■ **PROVIDED MATERIAL**
+===+

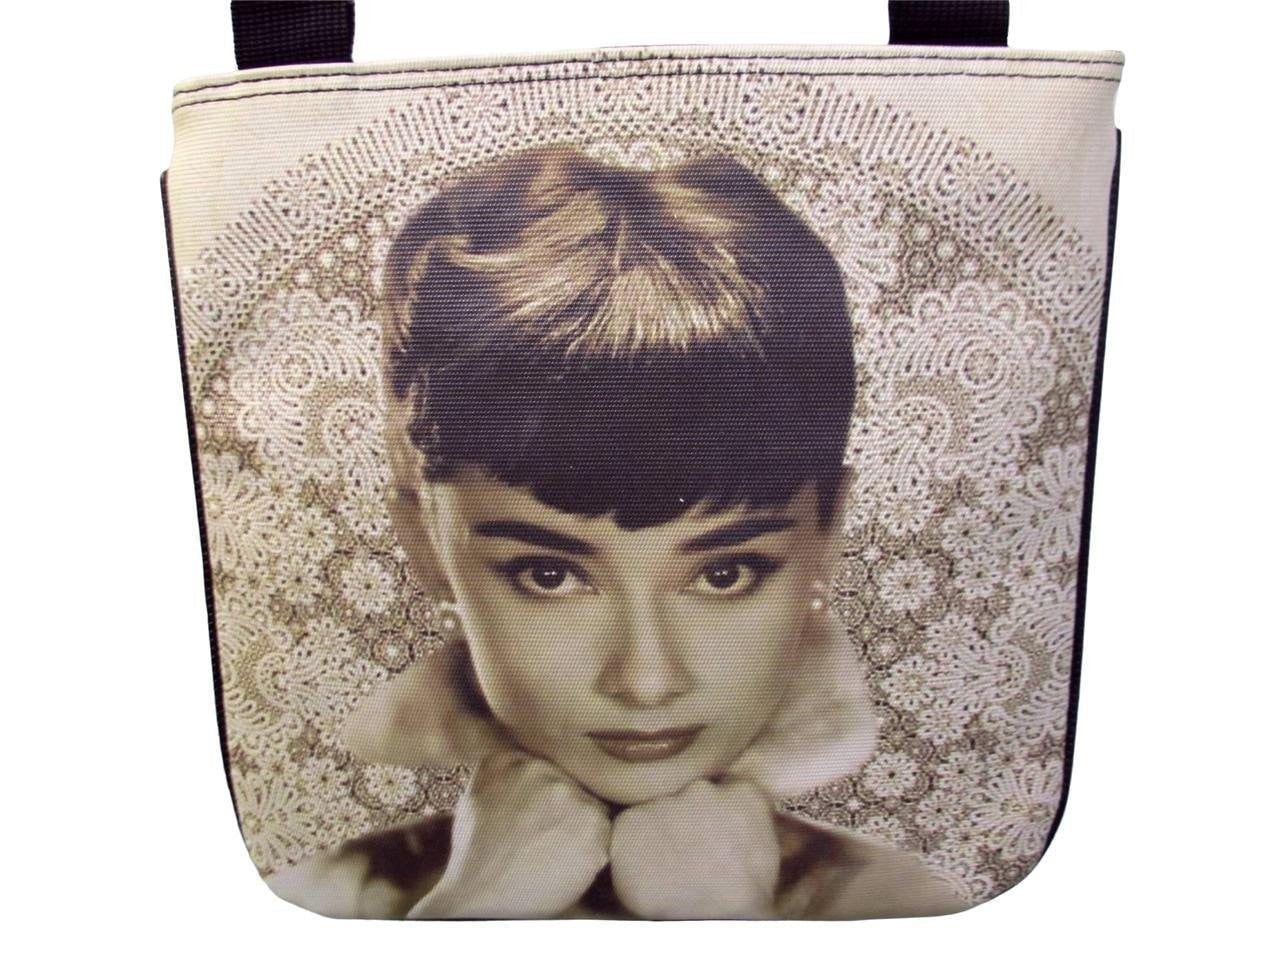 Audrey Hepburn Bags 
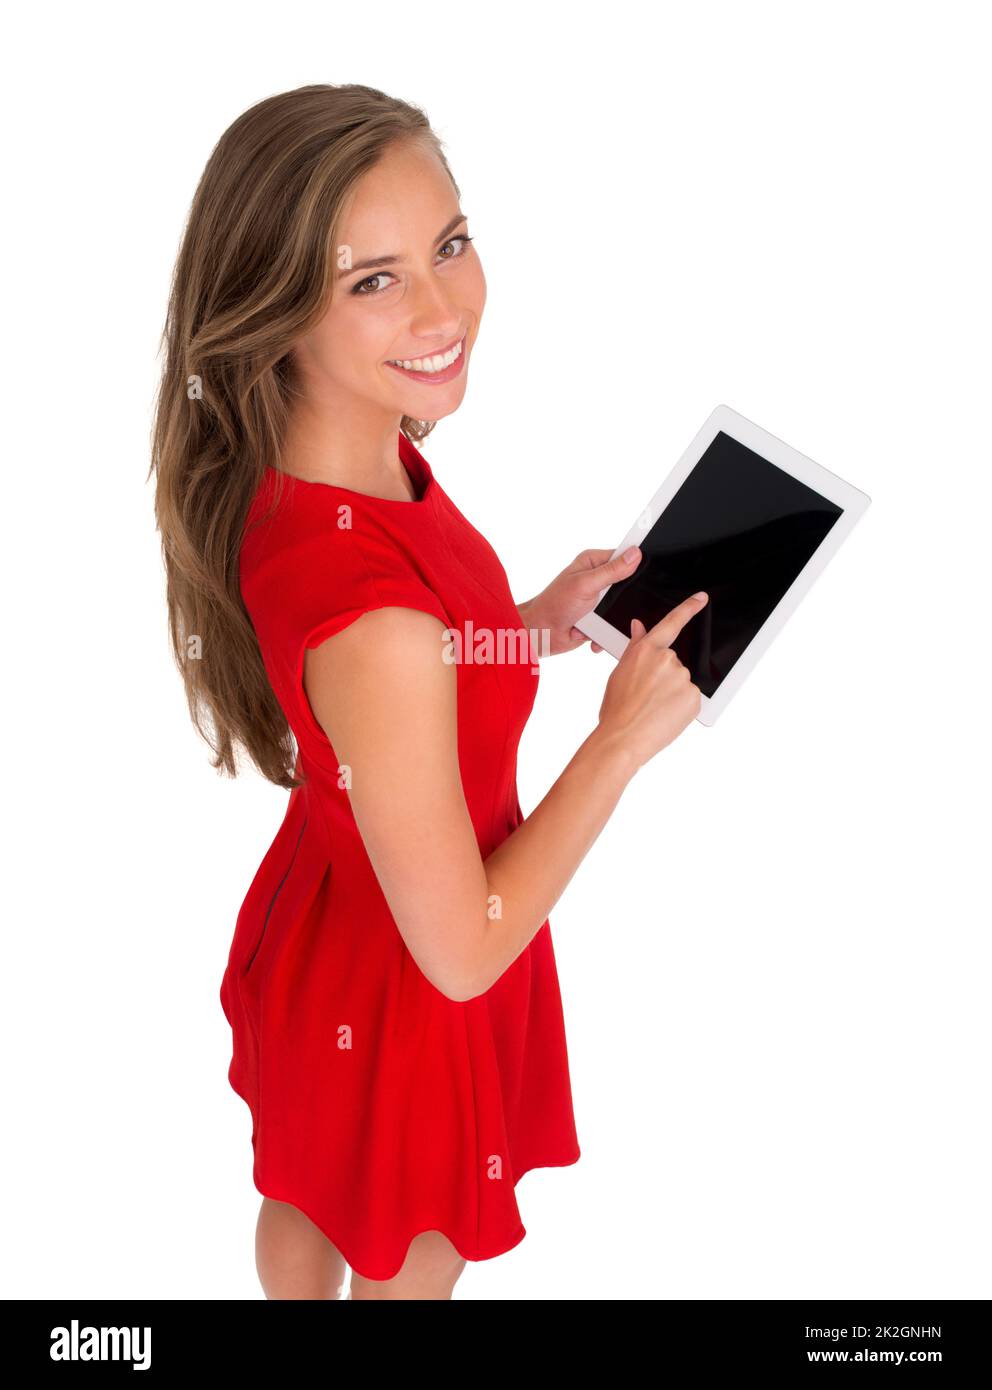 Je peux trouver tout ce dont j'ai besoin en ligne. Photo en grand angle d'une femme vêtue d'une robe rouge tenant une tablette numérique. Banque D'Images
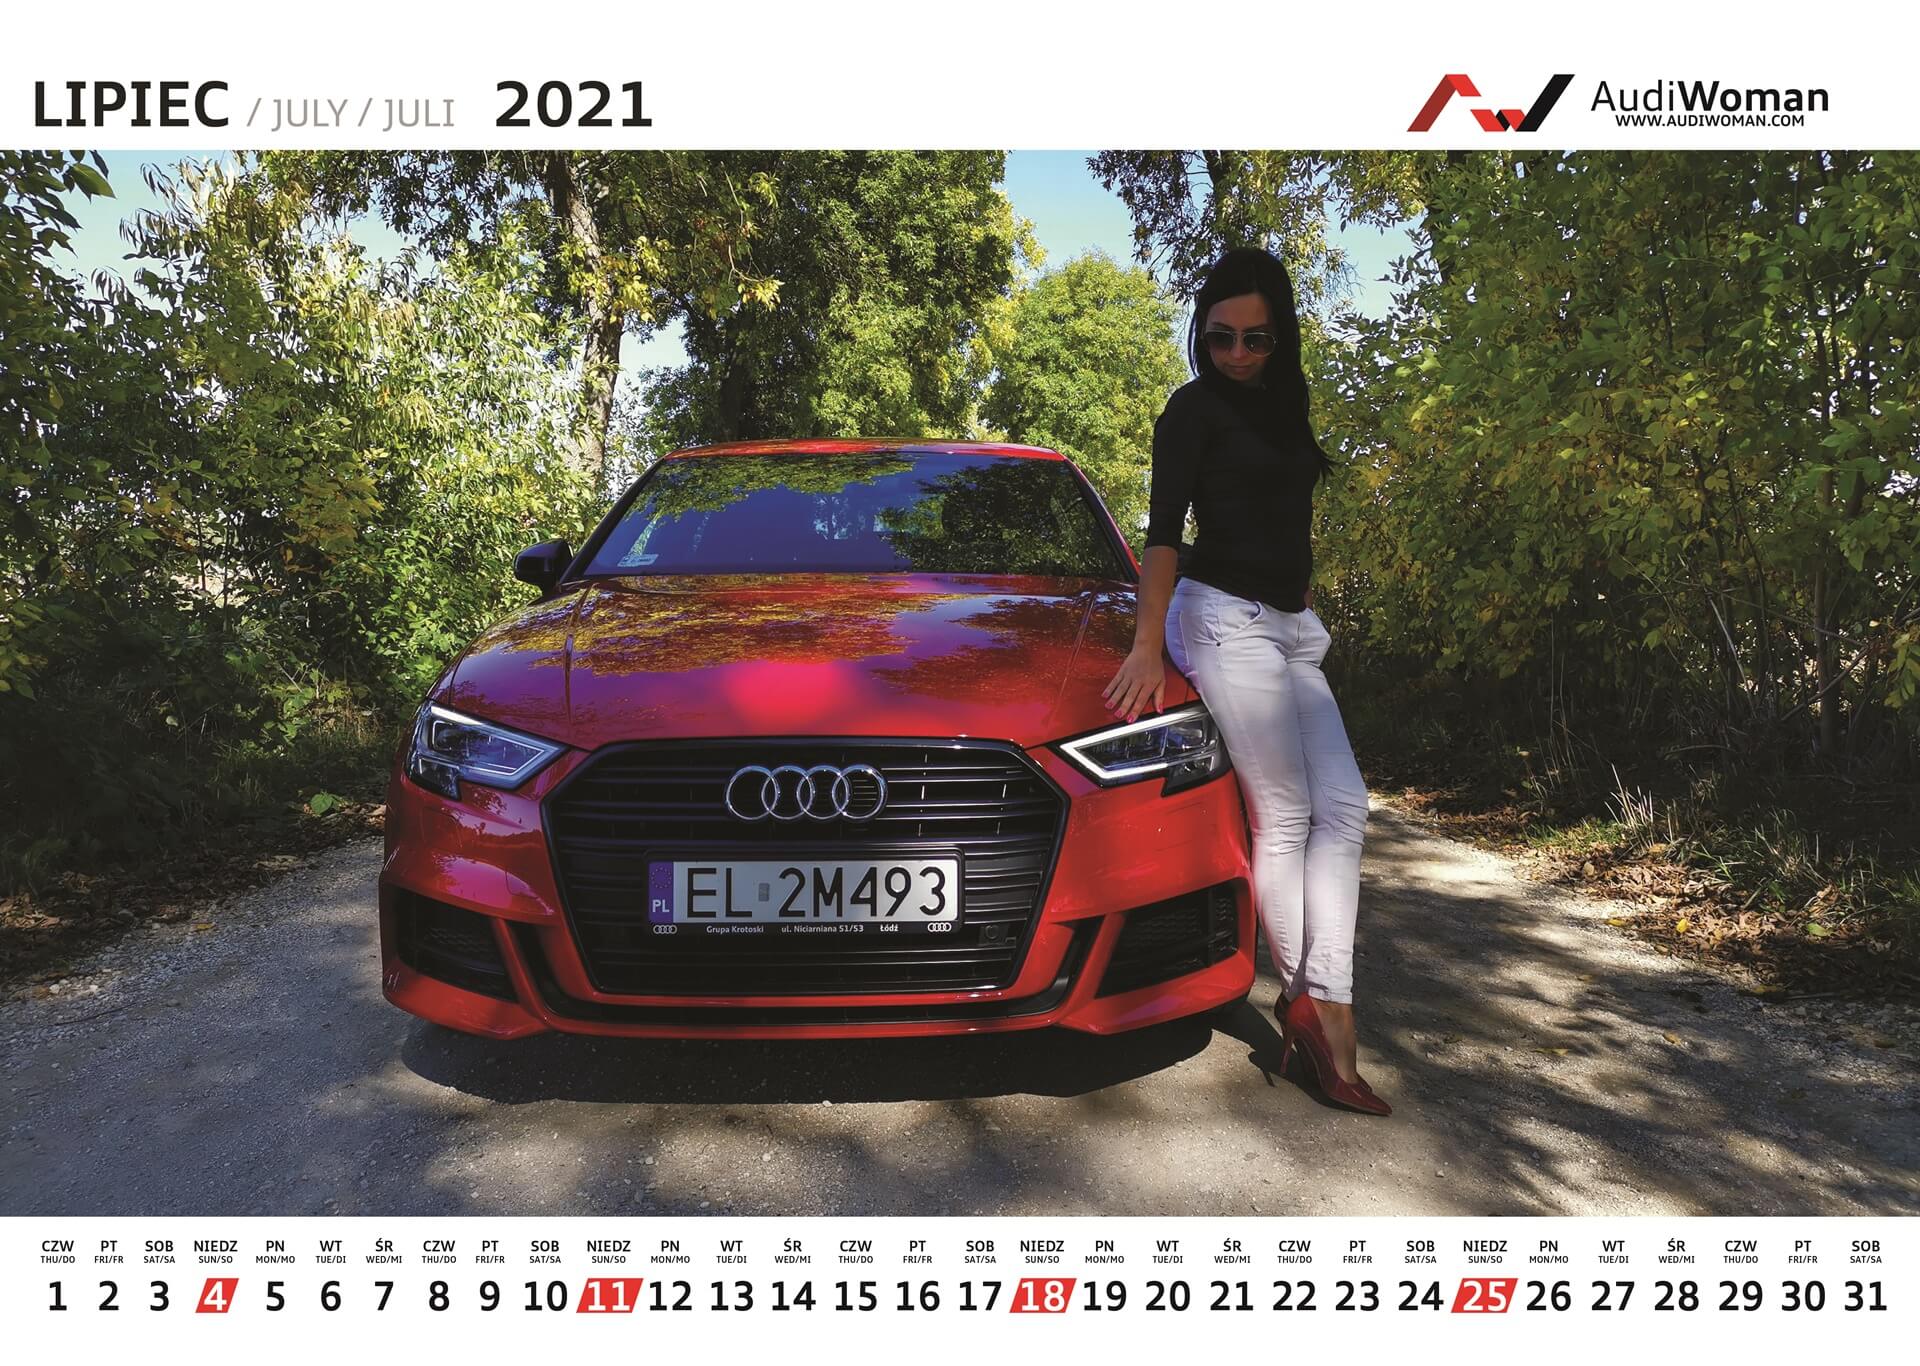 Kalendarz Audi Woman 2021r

+===+

Word for word, repeat the material above and drop the pictures.

 Audrey Hepburn Bags 
 Je peux trouver tout ce dont j'ai besoin en ligne. Photo en grand angle d'une femme vêtue d'une robe rouge tenant une tablette numérique. Banque D'Images
 Kalendarz Audi Woman 2021r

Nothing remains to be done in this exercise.